Location:  Kyrgyz Republic (aka Kyrgyzstan)

This project involves the new construction of a 14-seat sewered toilet block at No. 24 Mikhail Vasilyevich Frunze Secondary School (the “school”), located at 71 Osh St., Osh, Kyrgyz Republic 714000. The K–11 school serves children ranging in age from 4 to 17. The school’s simple dry pit latrine facility was built in 1989.

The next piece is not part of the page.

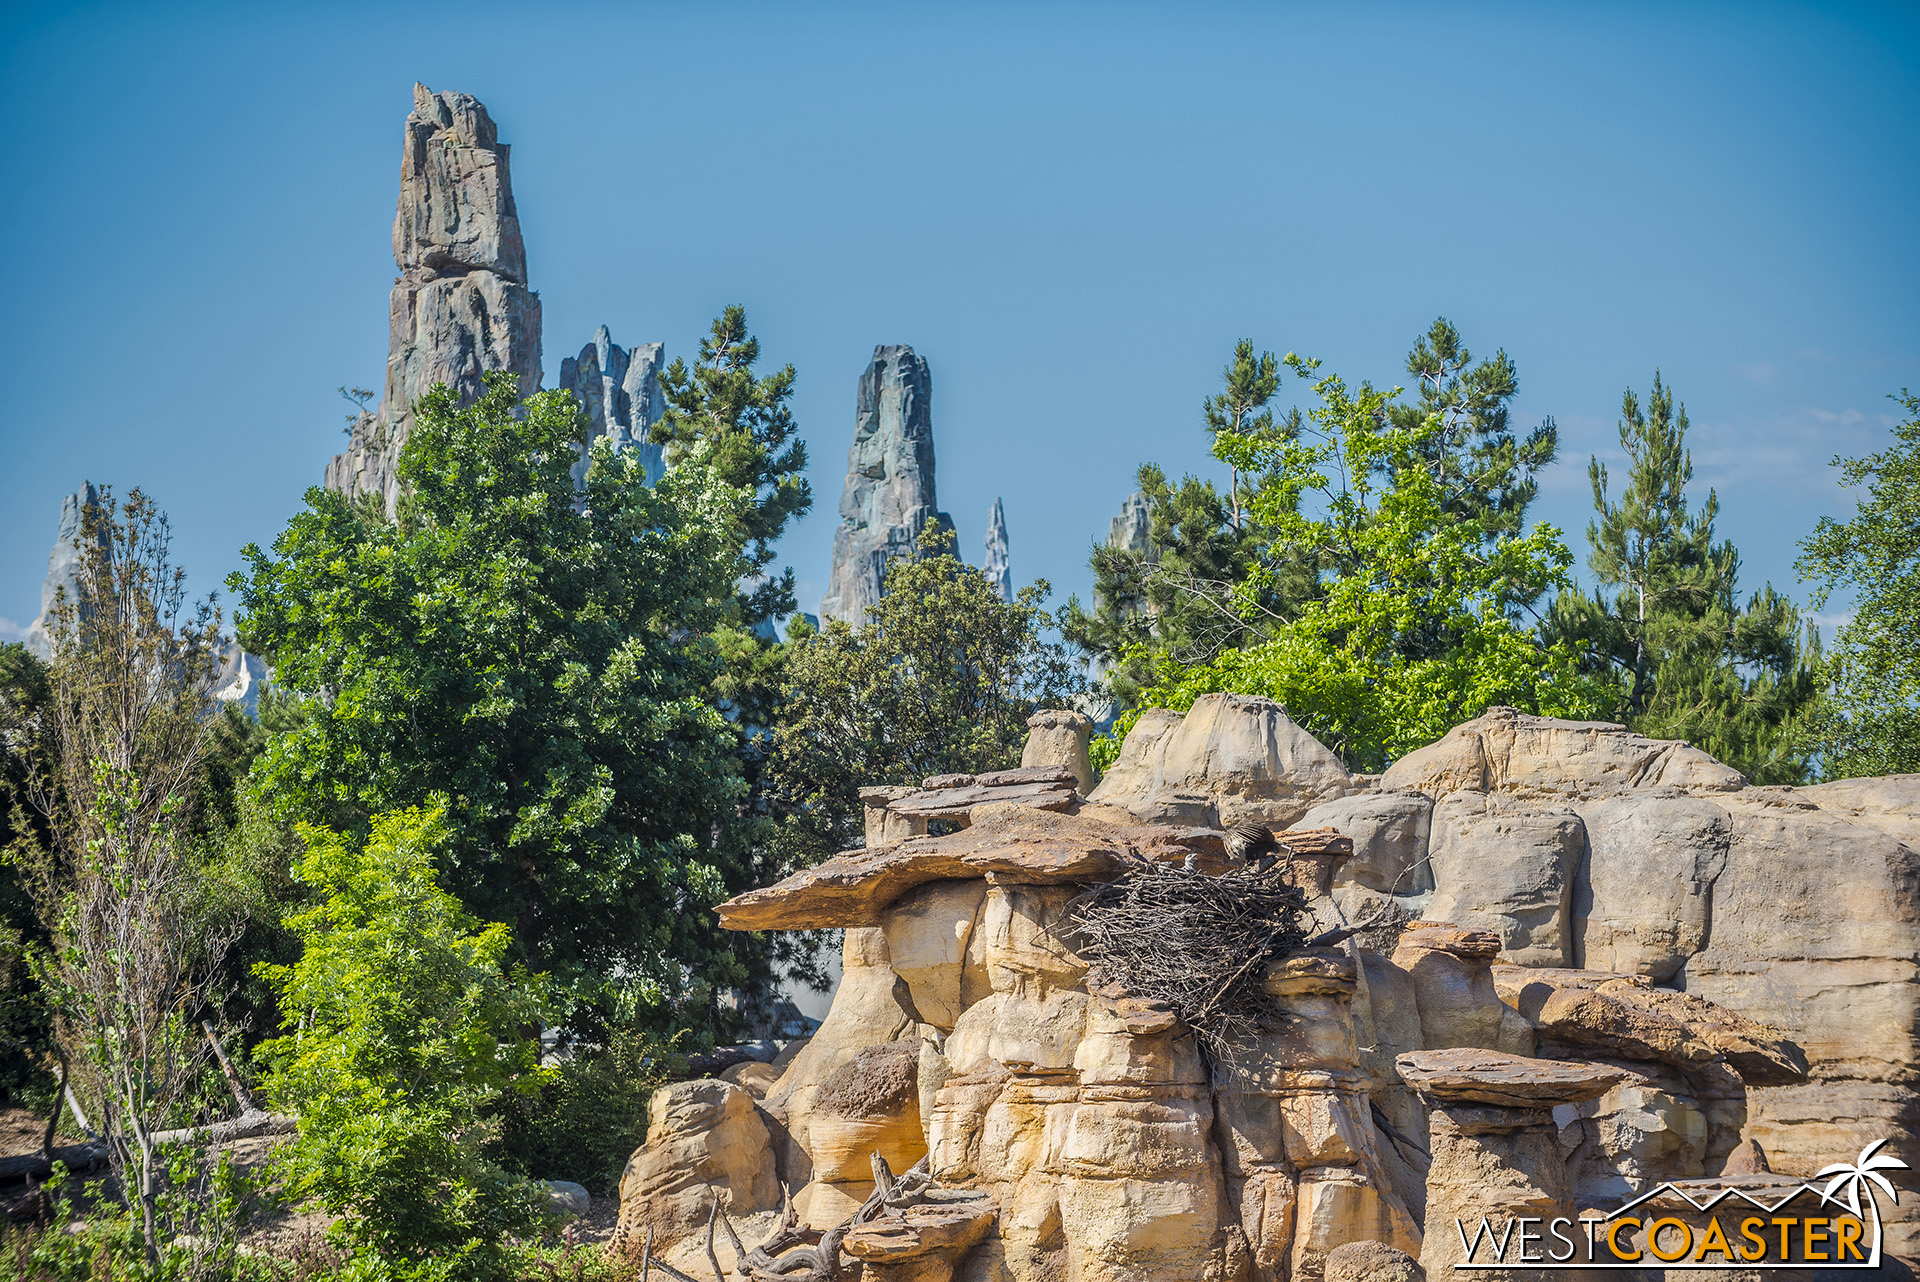 Rocks and rocks.

The non sewered, 100 square meter detached building consists of a brick superstructure, concrete slab roof, concrete floor/cover slab, 28 drop-holes, and a concrete block-lined pit.  The existing simple pit latrine has irremediable, below grade design deficiencies that endanger life safety and public health. The facility is a life-safety hazard due to cesspit design and deferred maintenance from a lack of local government funds. An engineering report was prepared for the school by A.V. Tsoi, Engineer for the inspection of buildings and structures (State qualification certificate PR-8.2 No. 022622). The report includes the following key finding: “From the point of view of safety of operation of the facility, the most dangerous violation is the lack of ventilation from the cesspool, which can lead to the accumulation of explosive gases in the pit.” The pit does not have a hatch for the emptying and disposal of waste, or direct, vertical exhaust vent pipes. High concentration of biogas in the cesspit including flammable methane (CH4) and hydrogen sulfide (H2S) due to inadequate venting of the pit substructure is a combustion hazard.

Life, and public health-threatening defects in the design of the latrine substructure cannot be remediated without full reconstruction of the building. The best option for the school’s public safety is to replace it. Adequate on-site sanitation is a primary barrier to fecal-oral transmission of pathogens by hygienically separating excreta from human contact. The existing facility’s protective effect as a transmission barrier is limited by its condition. It no longer fulfils its function of providing safe and hygienic disposal of human waste. Environmental change to an off-site sanitation system is necessary to meet improved sanitation standards as defined by the WHO/UNICEF Joint Monitoring Program for Water Supply and Sanitation. A new latrine connected to sewerage that transports excreta from the school site can reduce diarrheal disease risk at the school by 60 to 70 percent. There is a sewer line on site.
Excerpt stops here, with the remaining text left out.